The policy defined "Occurrence" as "an event including continuous or repeated exposure to substantially the same general conditions, which results in... Property Damage and neither expected nor intended to happen by You". The policy also provided that "All... Property Damage arising out of continuous or repeated exposure to substantially the same conditions shall be construed as arising out of one Occurrence" and that the insured would be "liable to pay [the excess amount] for every Occurrence..." for which the insured lodged a claim under the policy.

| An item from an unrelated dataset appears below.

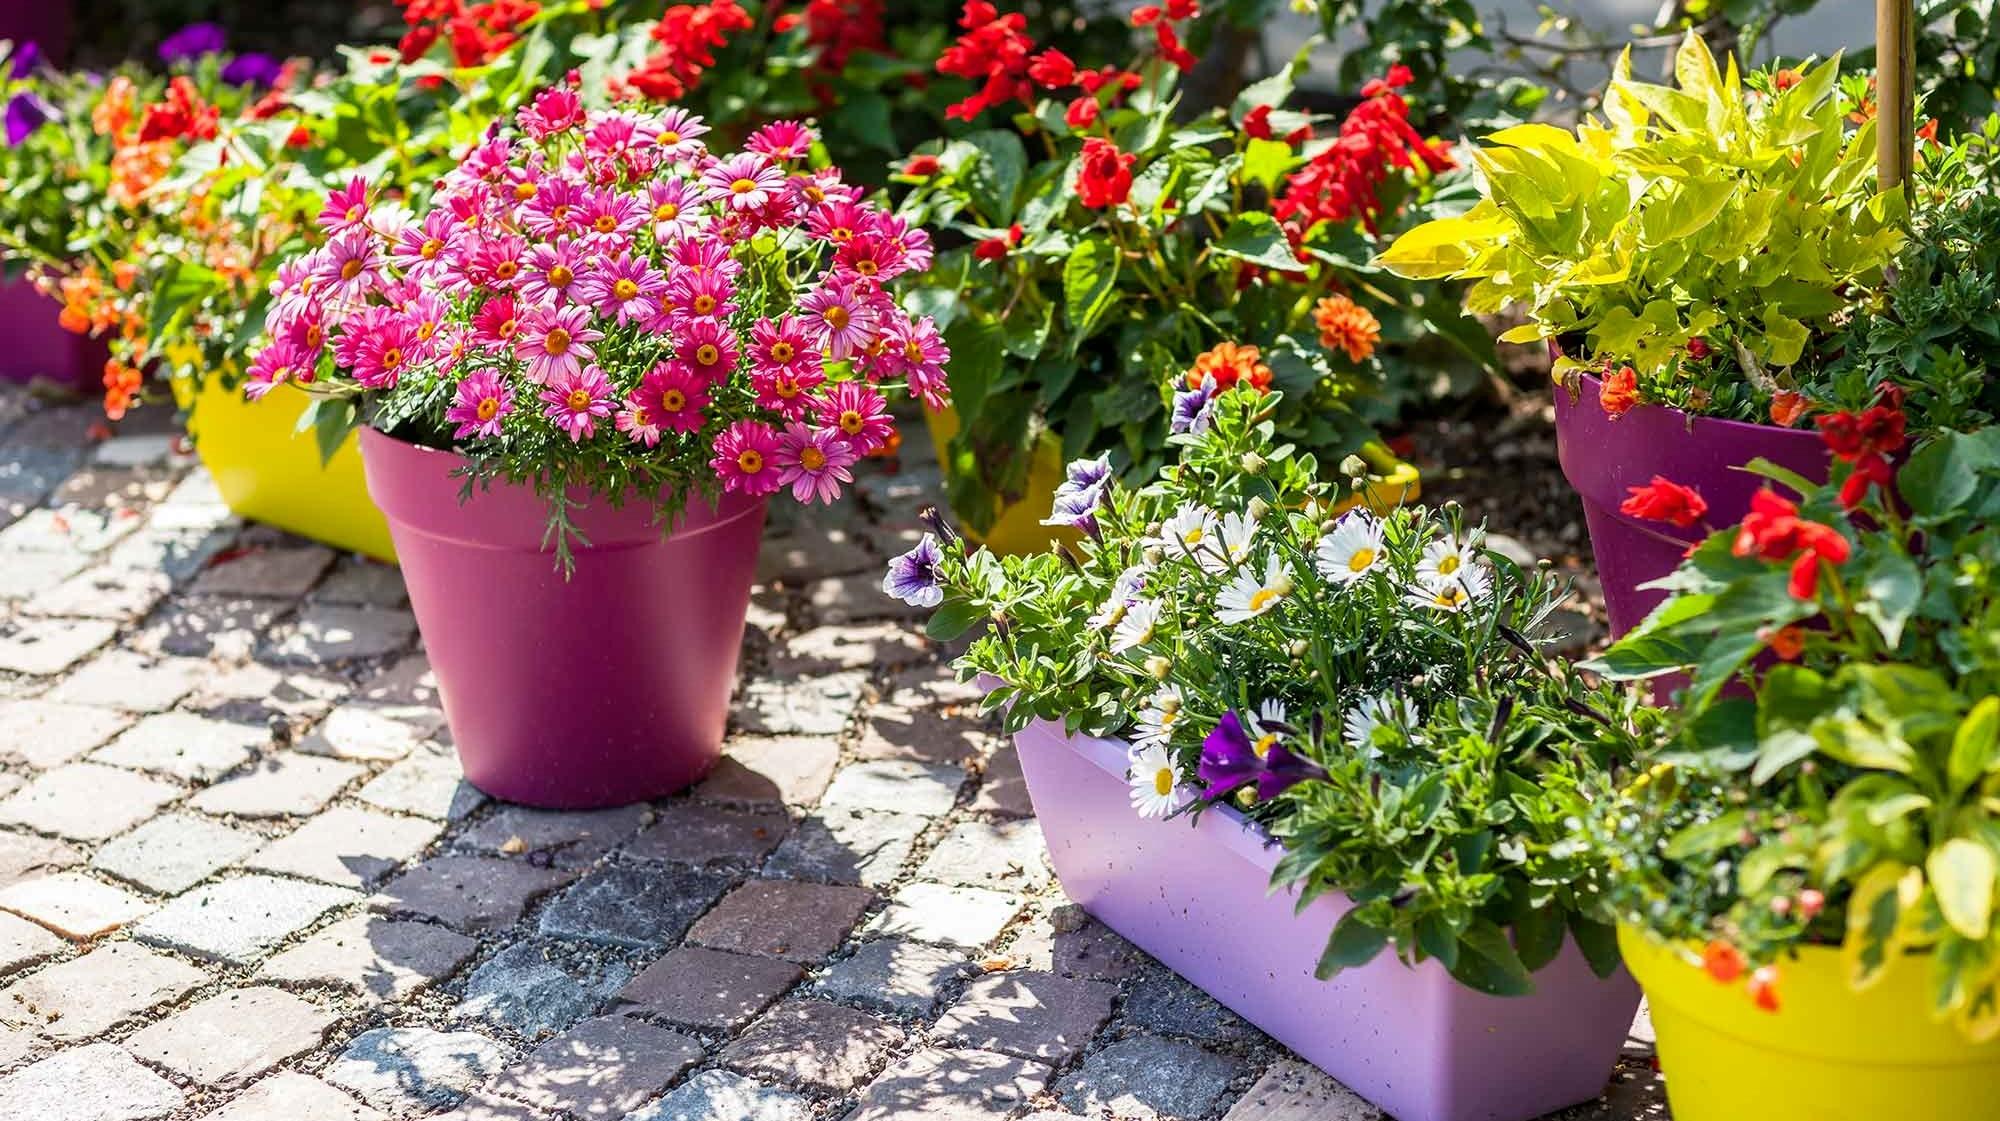 odla blommor utomhus

Stephen J observed that there is a series of occurrences, rather than a single occurrence in respect of which, or arising out of which, compensation may become payable, only where the links in a chain of causes can be traced back far enough to identify an event common to each claimant. In Distillers the common event was deemed too remote to fall within the meaning of "occurrence". Consequently, the insurer had to rely on the section of the clause which extended its operation to several occurrences which formed a series having one source.
Significantly, Stephen J held that the meaning of "series" in the provision is "that of a number of events of a sufficiently similar kind following one another in temporal succession". It was therefore found that the occurrence or occurrences to which the provision referred were the precedents to the injury, each of which had the same original cause and formed with the other events a ‘series of occurrences’.In the Distillers case, it was found that each of the events (the mishaps) could be seen as part of a series with a common source. As such, they were treated as one claim for the purposes of the particular policy as they were events of a sufficiently similar kind following one another in temporal succession, all having one source.

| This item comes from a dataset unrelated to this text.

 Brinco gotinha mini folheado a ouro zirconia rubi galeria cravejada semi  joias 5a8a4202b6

Ambrose J also referred to Windsurf Pty Limited v HIH Casualty & General Insurance Limited (1995) 10 ANZ Ins Cas 61-447). His Honour regarded that decision as authority for the proposition that an event was "something that happened at a particular time, at a particular place, in a particular way... an occurrence or an incident". It was held that the use of the word "event" would "ordinarily invite one to focus on the proximate or immediate incident leading to the injury". The policy considered in Windsurf contained a definition of "occurrence" which was in similar terms to that contained in MGM’s broad form liability policy.
His Honour said that the "continuous or repeated exposure to substantially the same conditions" did not apply. He said that the clause was directed to cases where a building operation caused damage to several properties by such matters as vibrations or noxious substances.
Ambrose J held that it was the unworkmanlike application of the membrane on each of the occasions that it was installed which was the "event" or "occurrence" against liability for which MGM was entitled to be indemnified by the insurer, such that MGM would be obliged to pay an excess in relation to each occasion.